Sadly, despite its limitless potential, blockchain technology is not entirely flawless, and regularly has to deal with a variety of obstacles, including one inherent in hard forks. For the purpose of clarity, a fork refers to a radical change made to the protocol of a blockchain network that effectively results in the split of its block. 

While forks can be carried out due to various factors, they can have the adverse effect of resulting in a less secure network, leaving it vulnerable to malicious attacks. One of the ways to mitigate the impact of this, is through chain reorganization (aka., chain reorg). In this article, we will provide an in-deoth explanation of what chain reorg means in the blockchain sector, how it works, and what role it plays across different blockchain networks. First off, let us examine the base concept of chain reorganization.

Understanding Chain Reorganization

To grasp the concept of chain reorganization, one must first understand some key fundamental concepts in blockchain technology. Among these fundamental concepts is the node operator network—a composition of specialists responsible for the secure distribution of data on a given blockchain network.

Notably, each active copy of a distributed ledger or blockchain is stored by a node, which is equally responsible for the reliability of the stored data.

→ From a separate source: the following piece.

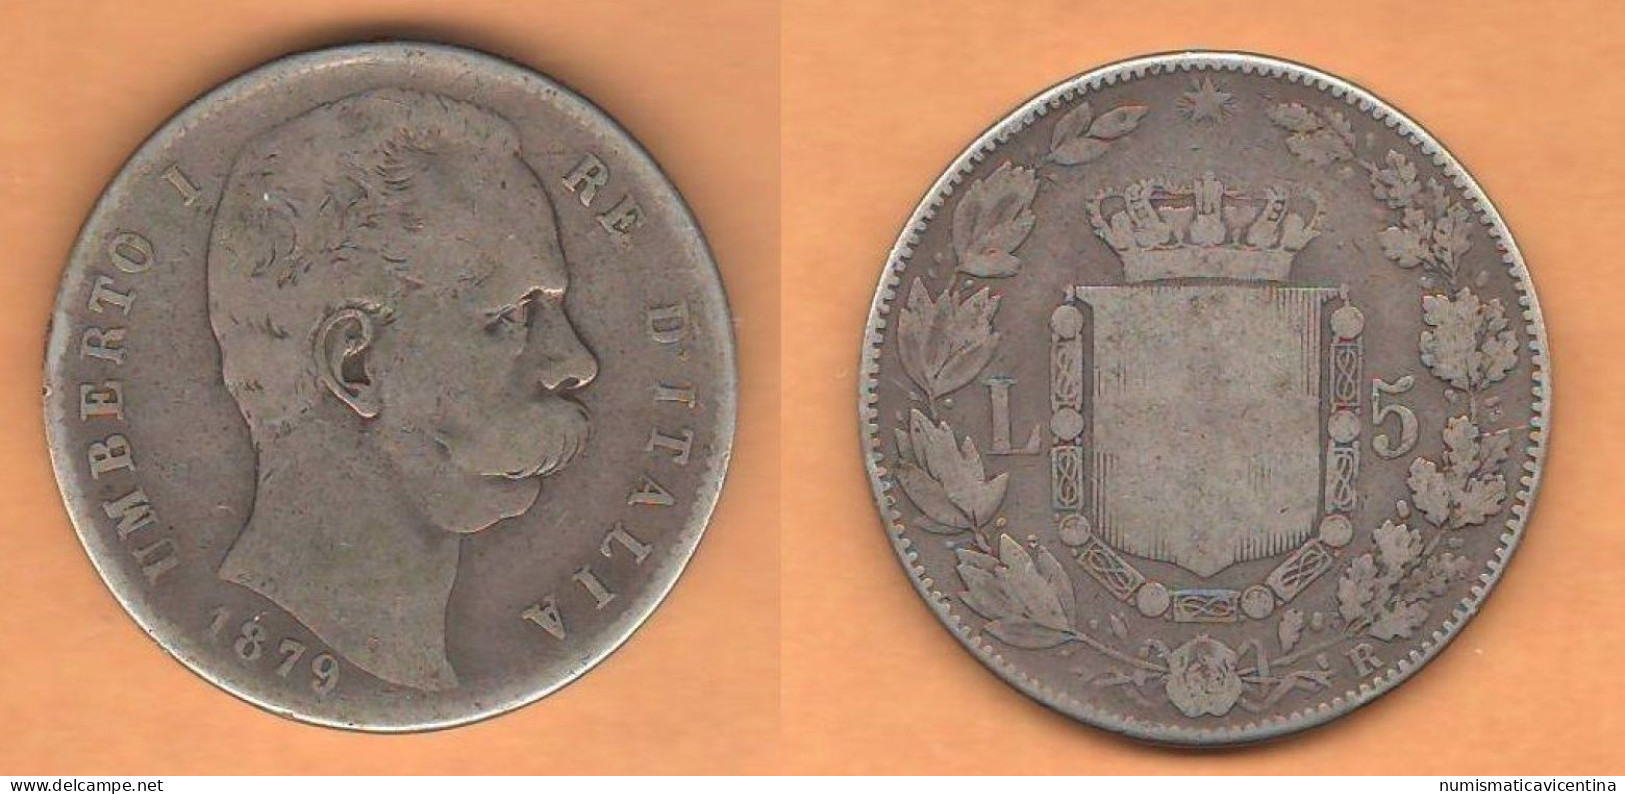 Italia 5 Lire 1879 Re Umberto I°  Italie Italy Silver Coin - 1878-1900 : Umberto I

Moreover, nodes must keep their copies of the blockchain up to date in order to enable them to effectively authenticate transactions made on a blockchain network within which they operate. 

To put it in other words, blockchain nodes are network stakeholders whose devices (i.e., validating/mining hardware) are authorized to keep track of the distributed ledger and serve as communication hubs for various network tasks. More specifically, a blockchain node’s primary task is to confirm the legality of each subsequent batch of network transactions, known as blocks.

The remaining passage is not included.